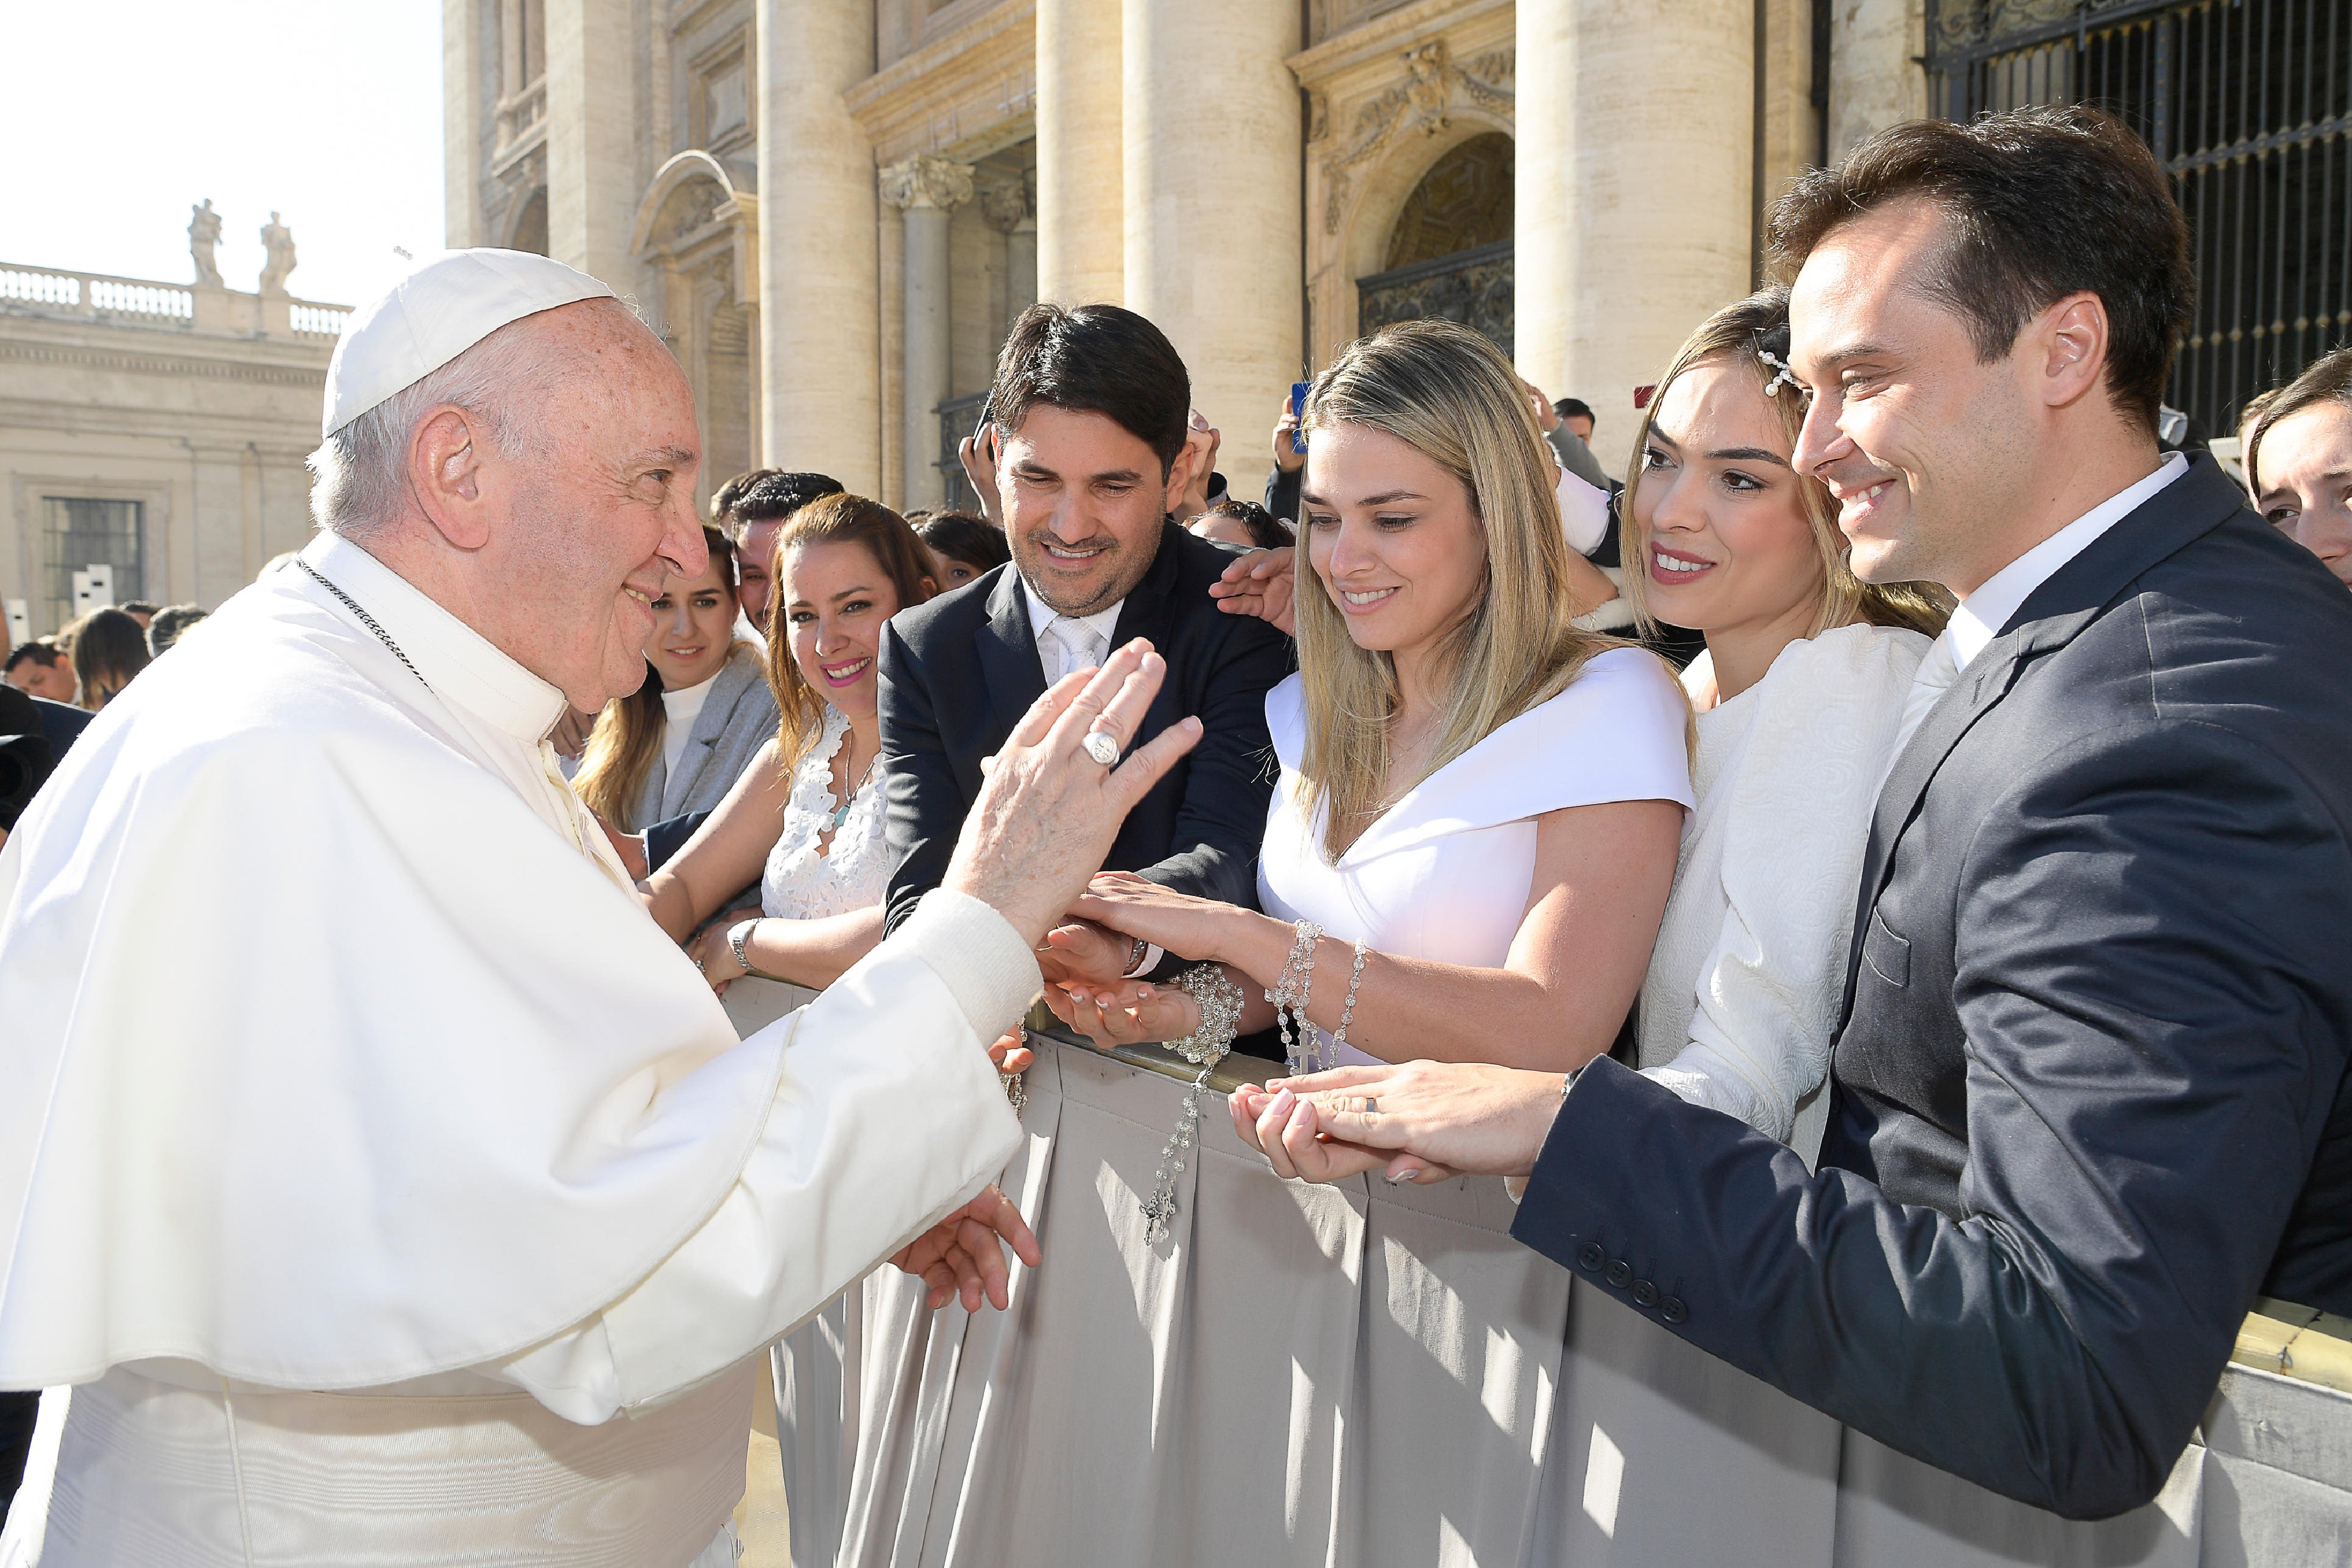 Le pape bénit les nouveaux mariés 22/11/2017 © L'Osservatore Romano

* * *

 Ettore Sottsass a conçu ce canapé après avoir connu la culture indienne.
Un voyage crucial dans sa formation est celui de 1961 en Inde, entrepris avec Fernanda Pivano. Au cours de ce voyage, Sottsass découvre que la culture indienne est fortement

What is being asked ->
Copy out every line in the records where the word "culture" is found.

Answer below ->
 Ettore Sottsass a conçu ce canapé après avoir connu la culture indienne.
Un voyage crucial dans sa formation est celui de 1961 en Inde, entrepris avec Fernanda Pivano. Au cours de ce voyage, Sottsass découvre que la culture indienne est fortement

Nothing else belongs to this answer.